- Author: Rania Dib, MD; Chief Editor: Kirsten A Bechtel, MD more...
Diaper rash, or diaper dermatitis, is a general term describing any of a number of inflammatory skin conditions that can occur in the diaper area. These disorders can be conceptually divided into 3 categories:
Rashes that appear in the diaper area irrespective of diaper use: This category includes rashes associated with bullous impetigo; Langerhans cell histiocytosis (Letterer-Siwe disease, a rare and potentially fatal disorder of the reticuloendothelial system); acrodermatitis enteropathica (zinc deficiency); congenital syphilis; scabies; and HIV.
Allergic contact dermatitis is exceedingly rare in the infant and is not discussed here. The focus of this article is on the pathophysiology, diagnosis, and treatment of the rashes in the first category. By definition, these are truly diaper rashes because they present as a rash in the diaper area and can be cured by a change in diapering practices. The dermatoses within the other 2 categories do not typically appear as a diaper rash alone, and they do not necessarily respond to diapering modifications. These more generalized diseases are mentioned in terms of helping the emergency physician make the correct diagnosis. However, details about their etiology and management are beyond the scope of this article.

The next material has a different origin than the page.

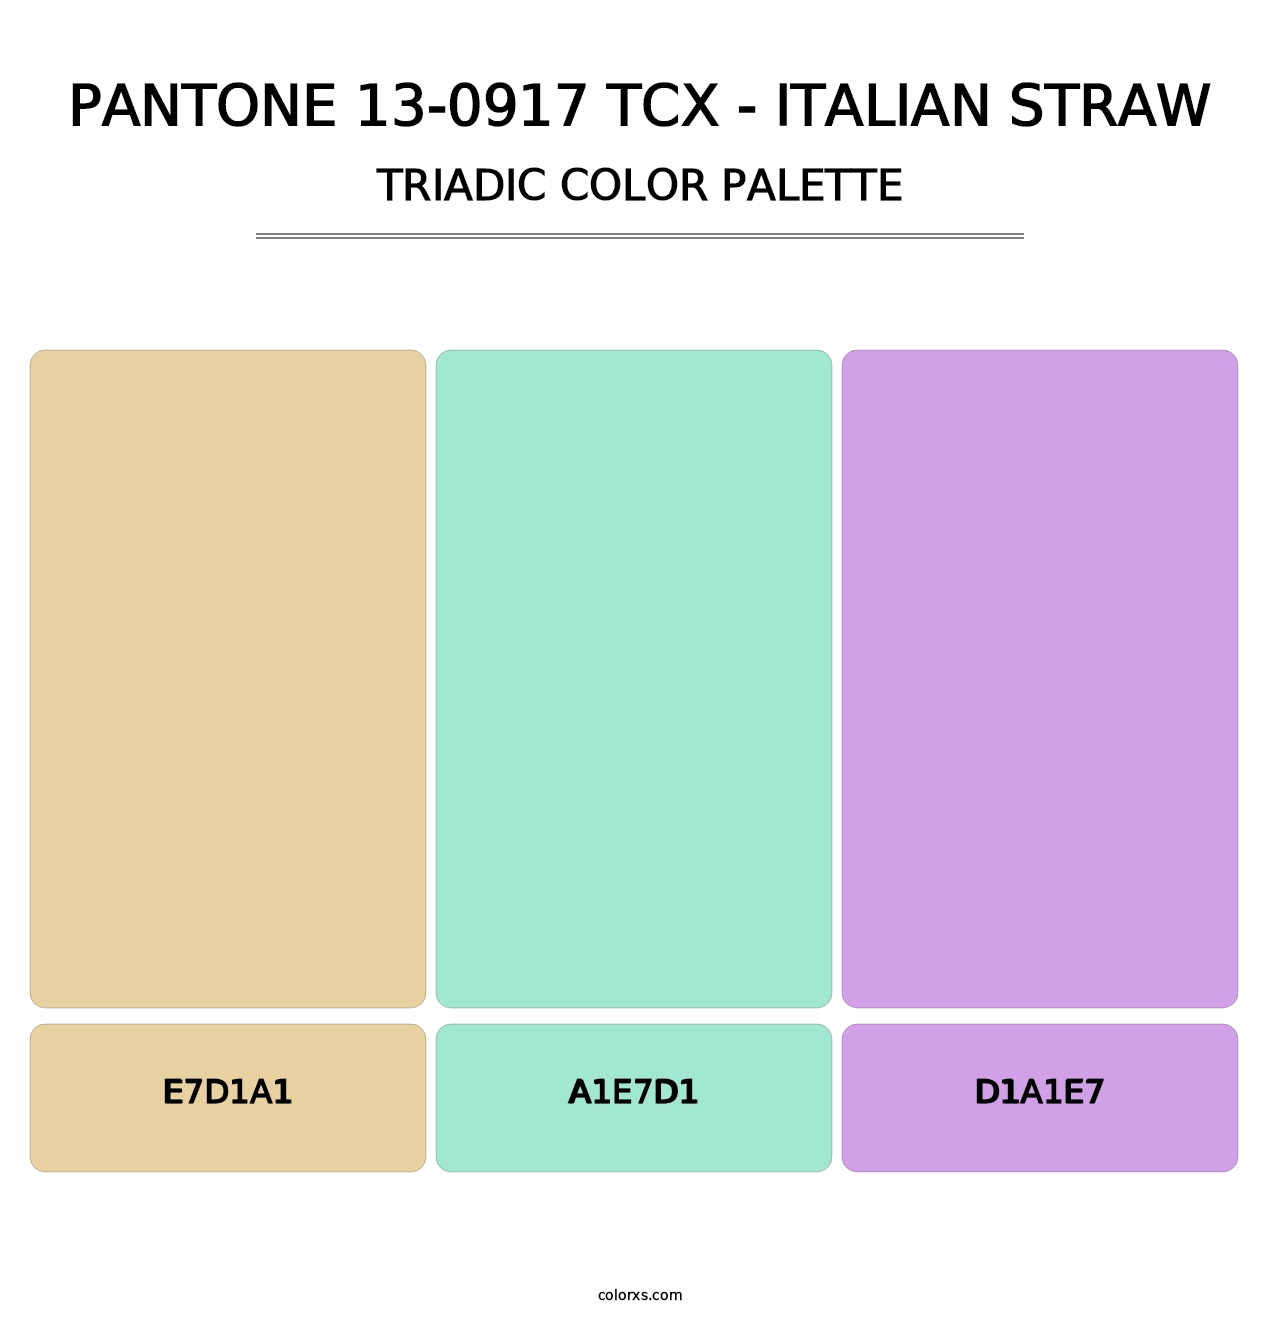 PANTONE 13-0917 TCX - Italian Straw - Triadic Color Palette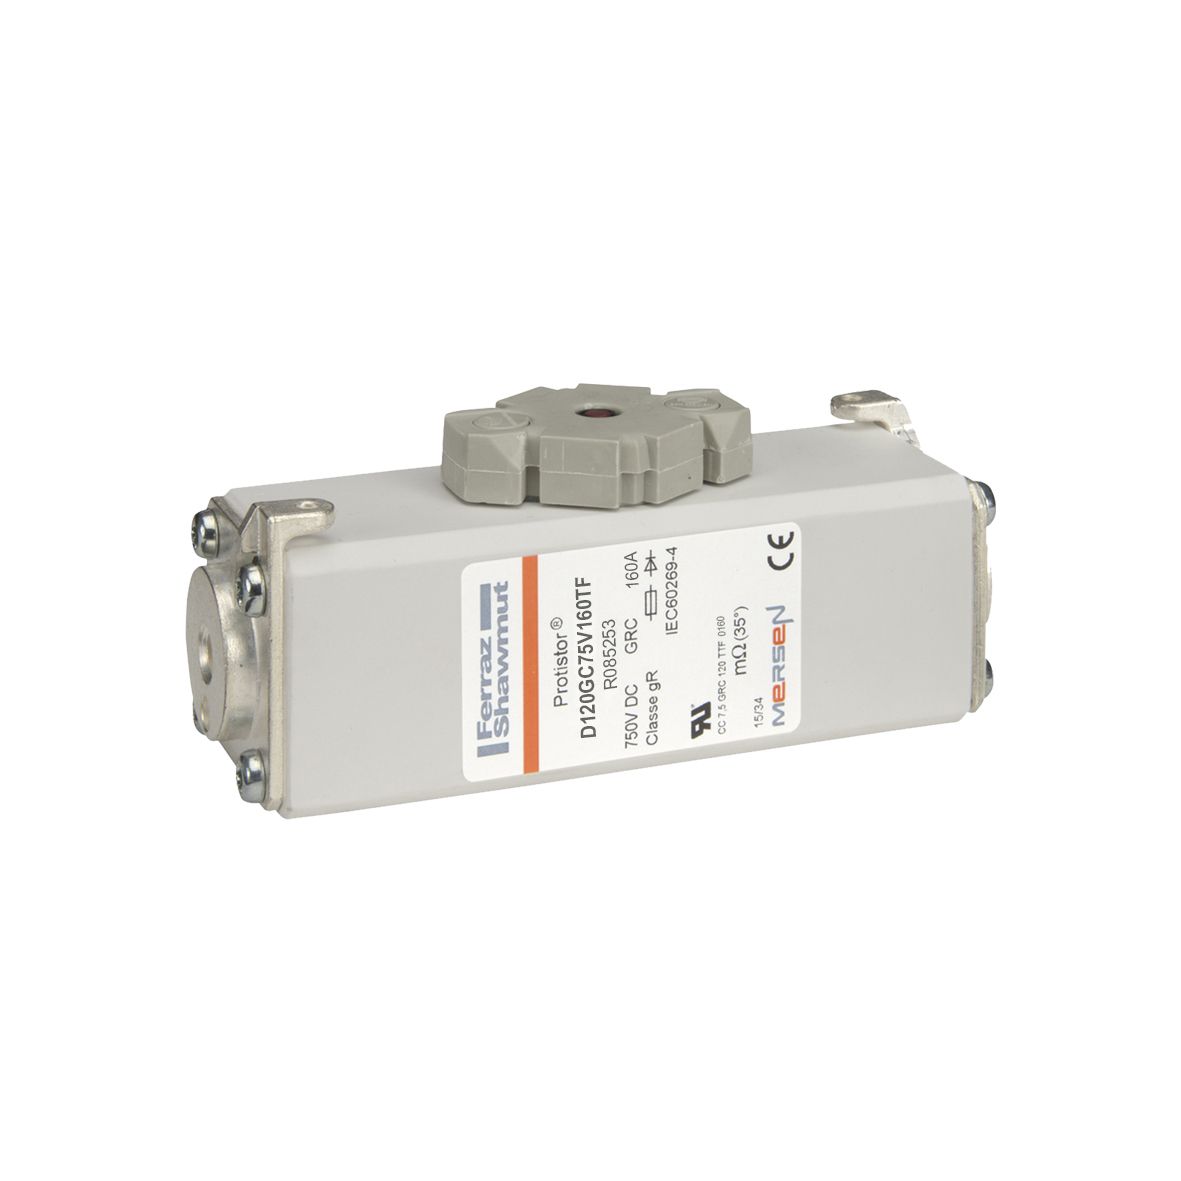 R085253 - Protistor SB fuse-link gR, 750VDC, size 120, 160A, TTF threaded terminals

The precise etiology of most diaper rashes is not clearly defined. They likely result from a combination of factors that includes wetness, friction, urine and feces, and the presence of microorganisms. Anatomically, this skin region features numerous folds and creases, which present a problem with regard to both efficient cleansing and control of the microenvironment.
The main irritants in this situation are fecal proteases and lipases, whose activity is increased greatly by elevated pH. An acidic skin surface is also essential for the maintenance of the normal microflora, which provides innate antimicrobial protection against invasion by pathogenic bacteria and yeasts. Fecal lipase and protease activity is also greatly increased by acceleration of gastrointestinal transit; this is the reason for the high incidence of irritant diaper dermatitis observed in babies who have had diarrhea in the previous 48 hours.
The wearing of diapers causes a significant increase in skin wetness and pH. Prolonged wetness leads to maceration (softening) of the stratum corneum, the outer, protective layer of the skin, which is associated with extensive disruption of intercellular lipid lamellae. A series of diaper studies conducted mainly in the late 1980s found a significant decrease in skin hydration following the introduction of diapers with a superabsorbent core. Recent studies confirm that this trend is ongoing.[2, 3, 4] Weakening of its physical integrity makes the stratum corneum more susceptible to damage by (1) friction from the surface of the diaper and (2) local irritants.
The cycle of diaper rash is shown in the illustration below.
At full term, the skin of infants is an effective barrier to disease and is equal to adult skin with regard to permeability. Some studies reported infant's transepidermal water loss to be lower than that of adult skin. However, dampness, lack of air exposure, acidic or irritant exposures, and increases in skin friction begin to break down the skin barrier.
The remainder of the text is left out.